The BPD, HC, AC and FL measurements from 9699 ultrasound scans during the second trimester and 8100 scans during the third trimester were retained. All the biometric data obtained were then transformed into Z-scores, calculated using five series of reference equations, taken from Snijders and Nicolaides13, Chitty et al.14–17, Kurmanavicius et al.18, 19, Salomon et al.20 and curves routinely used in our ultrasound unit (CMCO) generated from a sample of the local population. The equations used are shown in Table S1. In all cases, Z-scores according to gestational age were calculated using the following formula: Z-score = (biometric measurement − expected biometric mean)/SD. Z-scores should follow a non-skewed standard normal distribution (Gaussian distribution with a mean of 0 and SD 1) if the measurements taken are consistent with reference equations used to calculate them. By definition, in a standard normal distribution, the −1 SD to +1 SD interval includes 68% of the population and the −2 SD to +2 SD interval includes 95% of the population, with the 5^{th} percentile corresponding to −1.645 SD and the 95^{th} percentile corresponding to +1.645 SD.

Each Z-score distribution was compared to the standard normal distribution using the Kolmogorov–Smirnov test21, 22.

The mean Z-score should be close to 0, and Student's t-test was used to compare the mean obtained with the theoretically expected value of 0. Finally, the SD of each Z-score distribution was compared with the expected value of 1, using a test based on the Chi-square distribution.

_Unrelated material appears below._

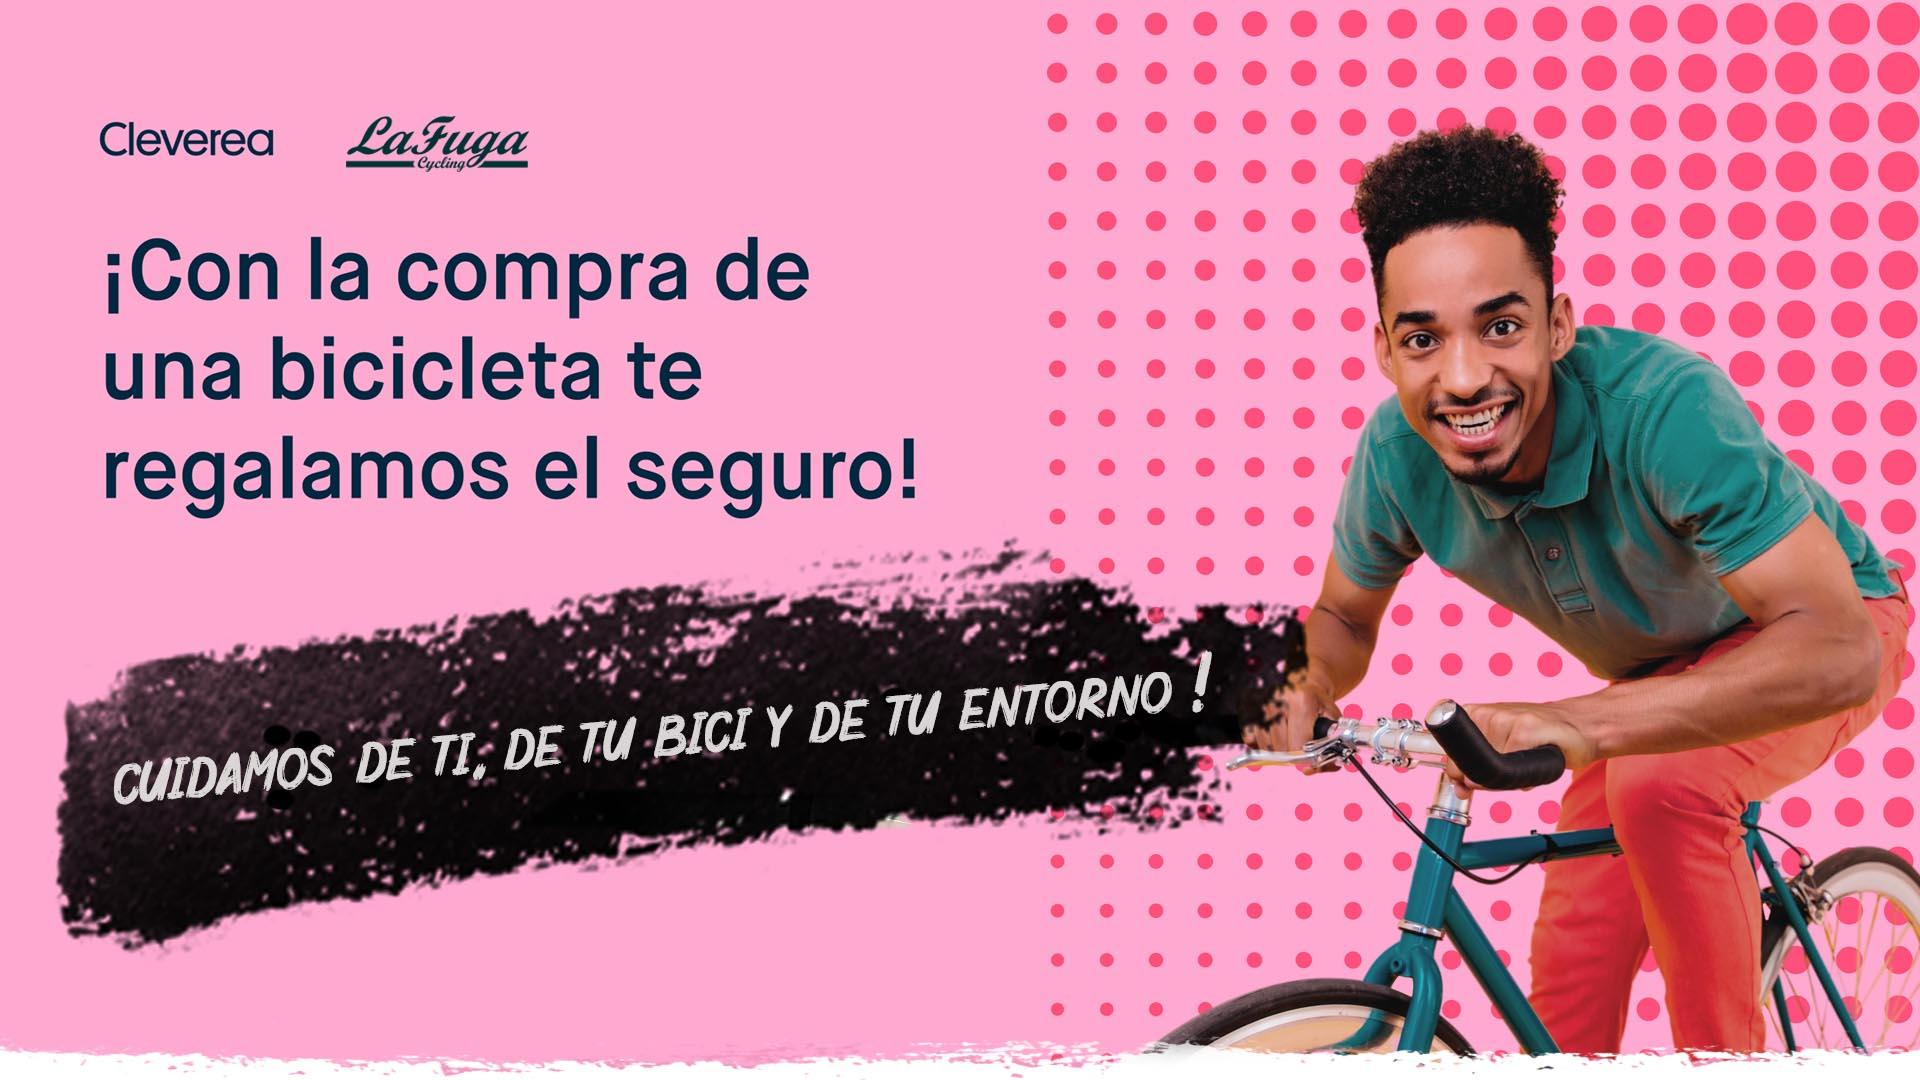 LaFuga Cycling regalará un seguro por la compra de una bicicleta

The 5^{th} and 95^{th} percentiles of the Z-score distributions for a biometric parameter measured in our population should match the 5^{th} and 95^{th} percentiles of the reference equation used to calculate them, i.e. −1.645 and +1.645, and so the observed 5^{th} and 95^{th} percentiles of the Z-scores were calculated for each biometric parameter using each of the reference equations. The fetuses that would have been considered abnormal (Z-score < −1.645 and > 1.645) using each reference equation were identified for each parameter, and the sensitivity and specificity of each equation for identifying fetuses truly < 5^{th} or > 95^{th} percentile (based on the observed distribution of Z-scores) were calculated (contingency tables provided online; Tables S2 and S3).

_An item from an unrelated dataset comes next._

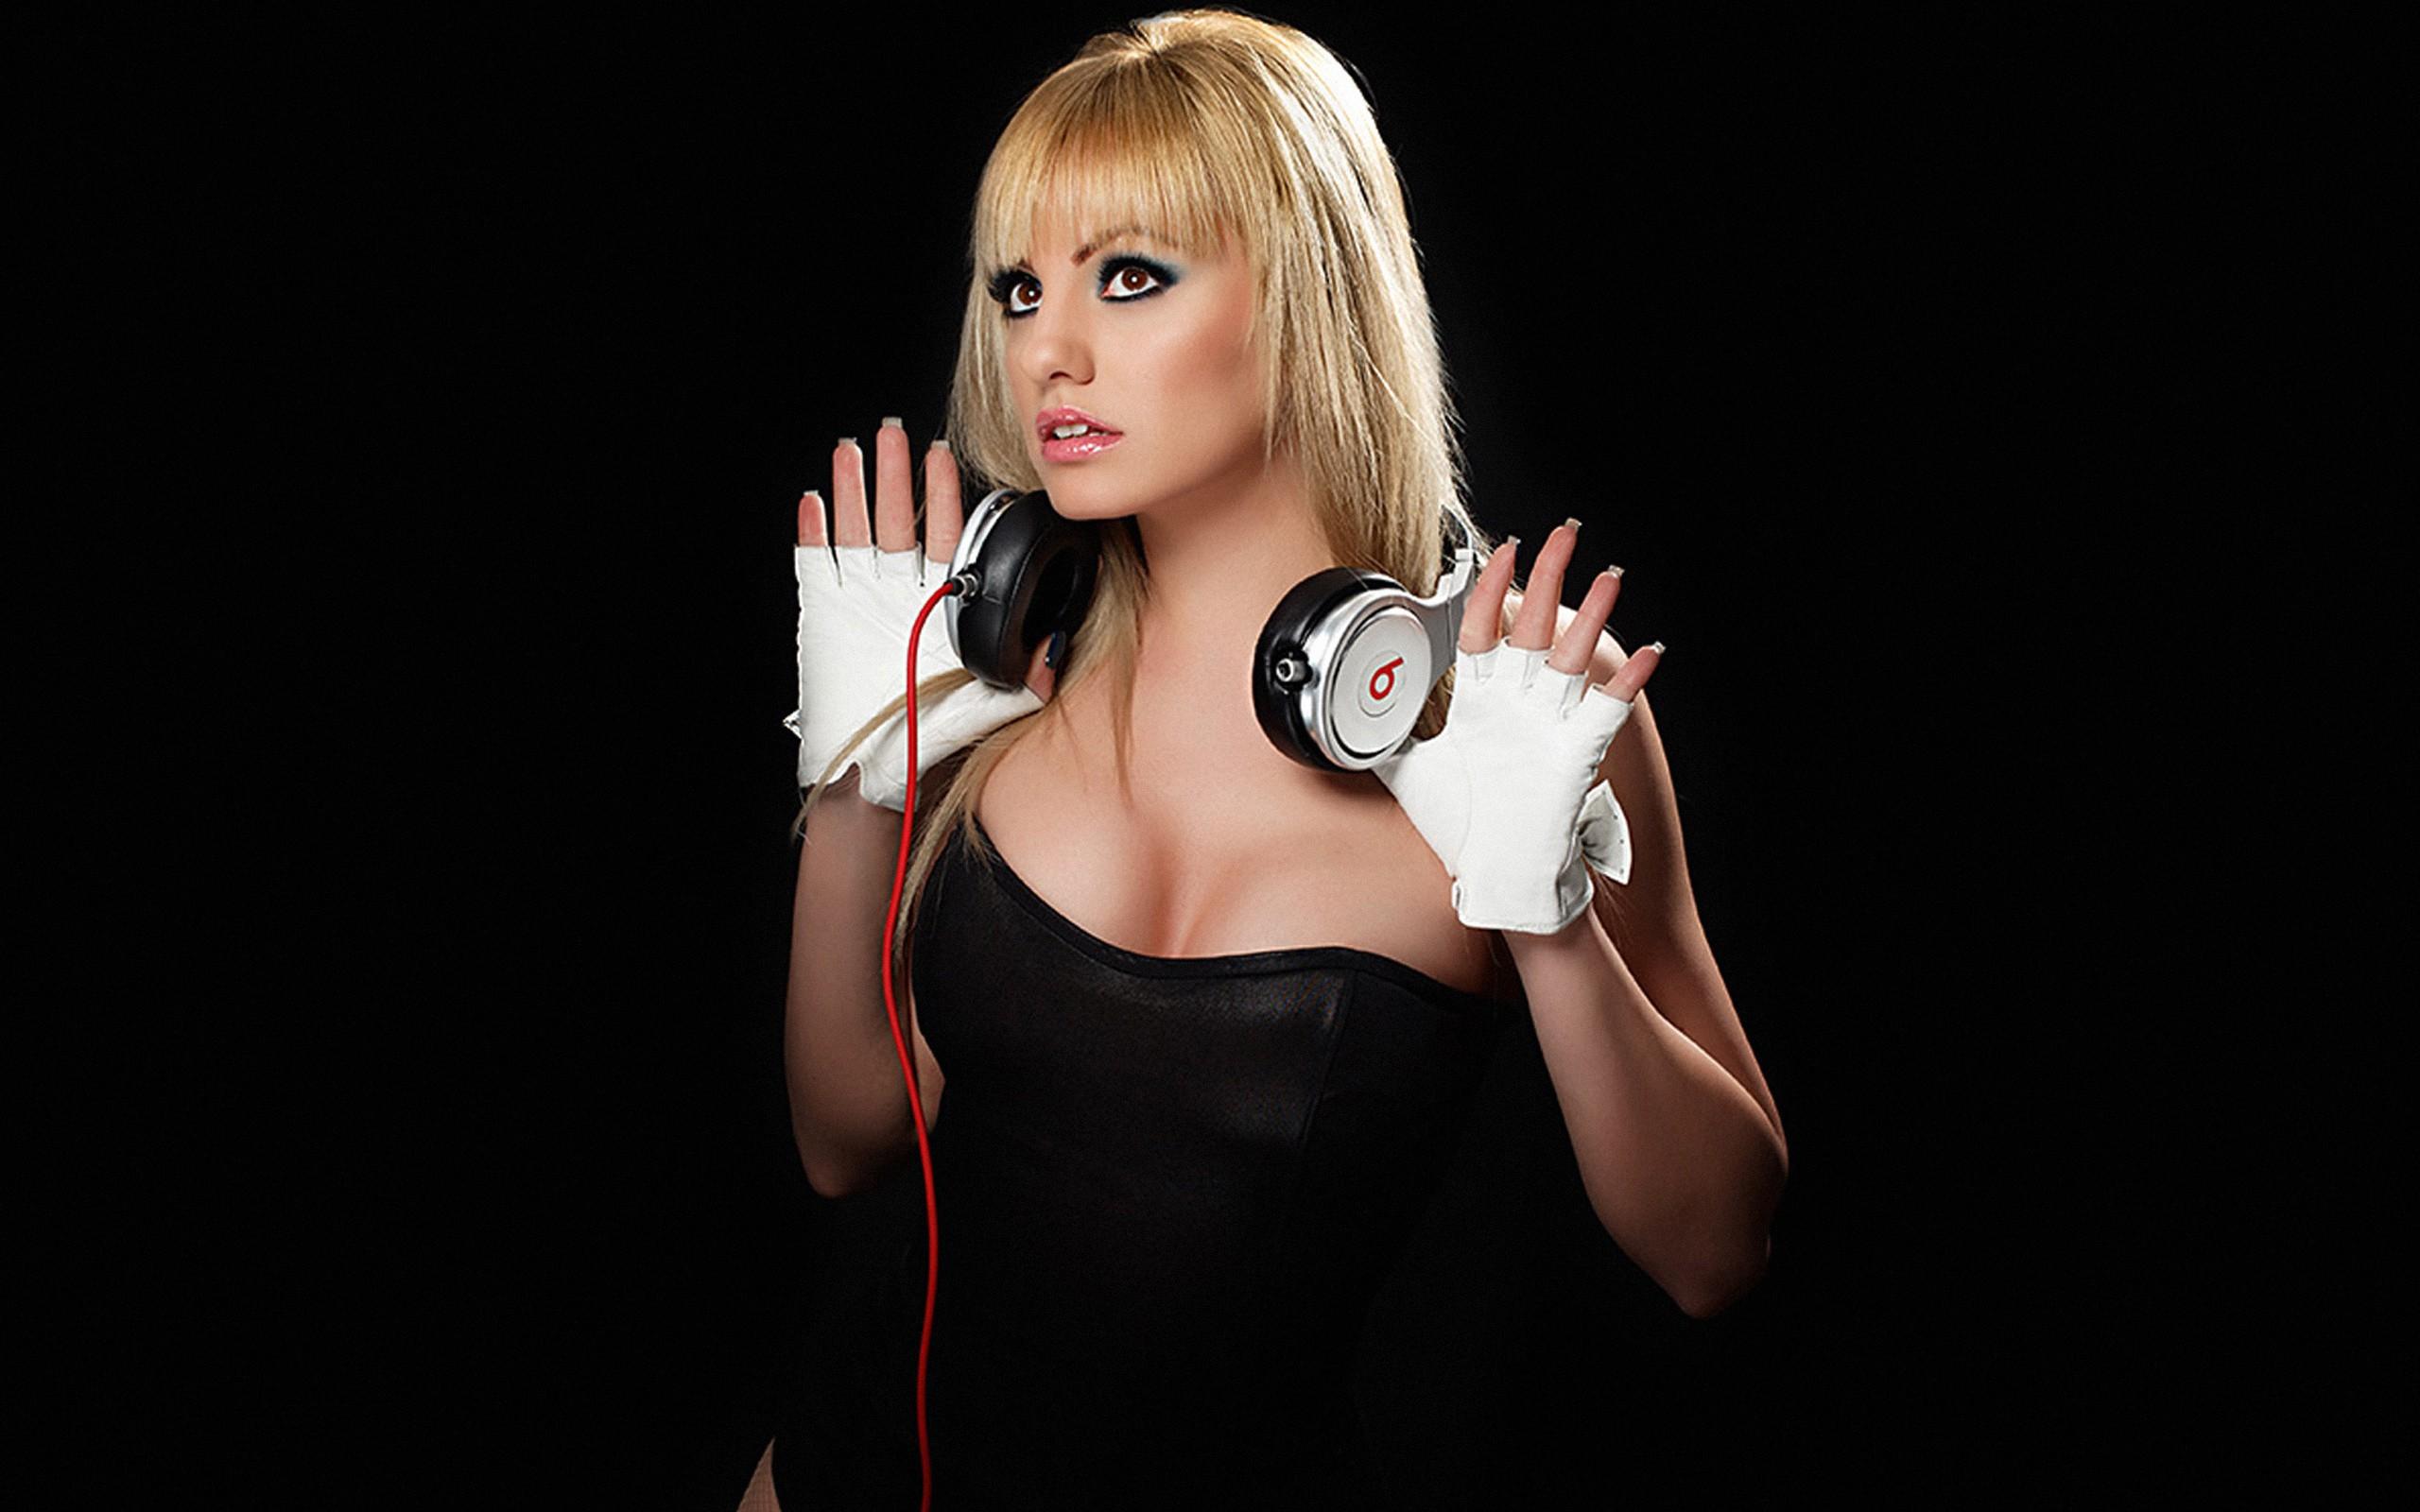 Rubia y audífonos Beats - 2560x1600

The results were finally expressed in the form of a graphical representation, allowing the effect of the choice of reference curve on the quality of screening for growth abnormalities to be visualized. To this end, the histogram of Z-score distributions was superimposed on the non-skewed standard normal curve for each biometric measurement and each reference equation. The difference between the expected distribution and the observed distribution could then be observed.

RESULTS

Most of the Z-score distribution curves of the measurements obtained appeared to be normal, but few matched the expected standard normal distribution. For measurements obtained from second-trimester scans, the Z-values calculated with the Kolmogorov–Smirnov test ranged between 1.350 and 3.129. Only the Z-score distribution calculated with the Chitty equation for BPD did not significantly differ from the standard normal distribution (Z = 1.350, P = 0.052).

For third-trimester measurements, the Z-values calculated with the Kolmogorov–Smirnov test were between 1.003 and 2.943. Only the Z-score distributions for the HC measurements did not significantly differ from the standard normal curve, regardless of the reference equation used (Snijders: Z = 1.003, P = 0.267; Chitty: Z = 1.046, P = 0.224; Kurmanavicius: Z = 1.057, P = 0.213; Salomon: Z = 1.046, P = 0.224; CMCO: Z = 1.055, P = 0.216).

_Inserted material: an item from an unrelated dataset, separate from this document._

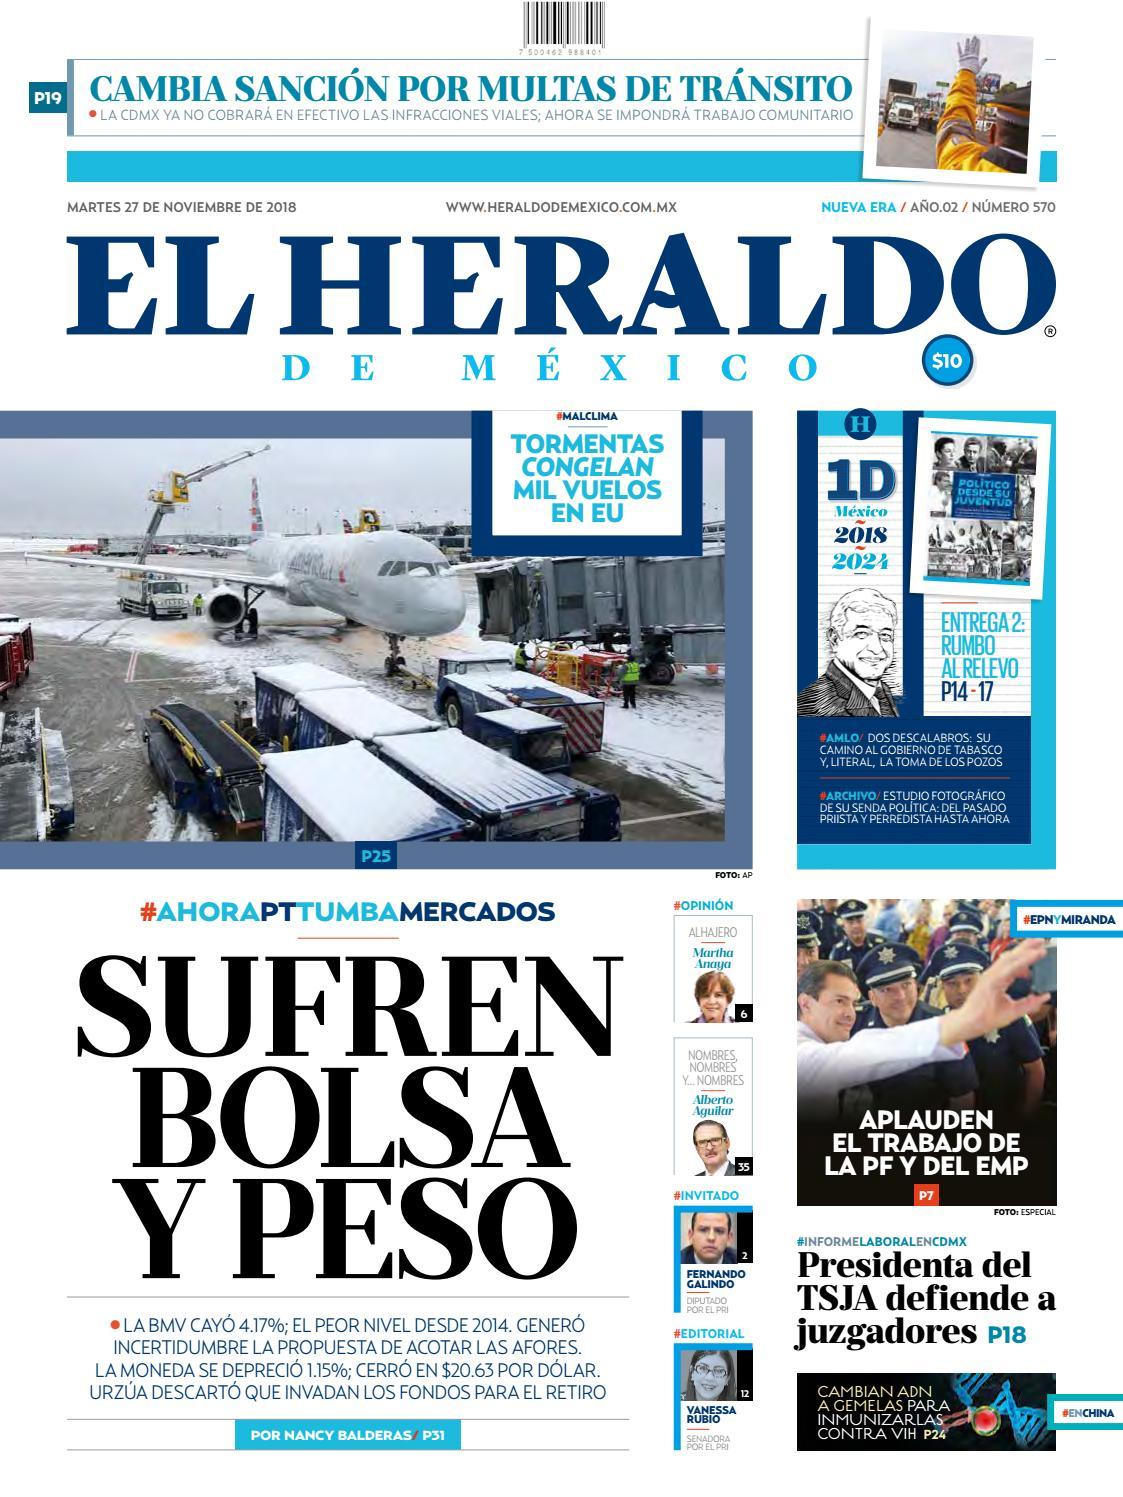 27 noviembre de 2018 by El Heraldo de México - issuu f2932ba8a40

For measurements obtained during the second trimester, Z-score mean values were between −0.506 and 0.738 and all means were significantly different from zero. During the third trimester, Z-score means were between −1.141 and 0.656. All means were significantly different from zero, with the exception of the mean of Z-scores obtained for FL measurements using the Kurmanavicius equation (mean, 0.003; t = −0.275, P = 0.783). The SDs for the second- and third-trimester measurements were between 0.663 and 1.155, and between 0.877 and 1.256, respectively. All were significantly different from 1. The results are shown in full in Tables S4 and S5.

For values obtained during the second trimester, the observed 5^{th} percentiles of the Z-score distributions were between −2.221 and −0.511. The total number of fetuses considered to have abnormally low Z-scores, with respect to the expected 5^{th} percentile (−1.645), was between 22 and 1312. Between four and 827 fetuses were considered wrongly classified for each parameter using each reference equation. The sensitivity of screening varied between 4.54% and 100%, and the specificity varied between 91.02% and 100% (Table S6).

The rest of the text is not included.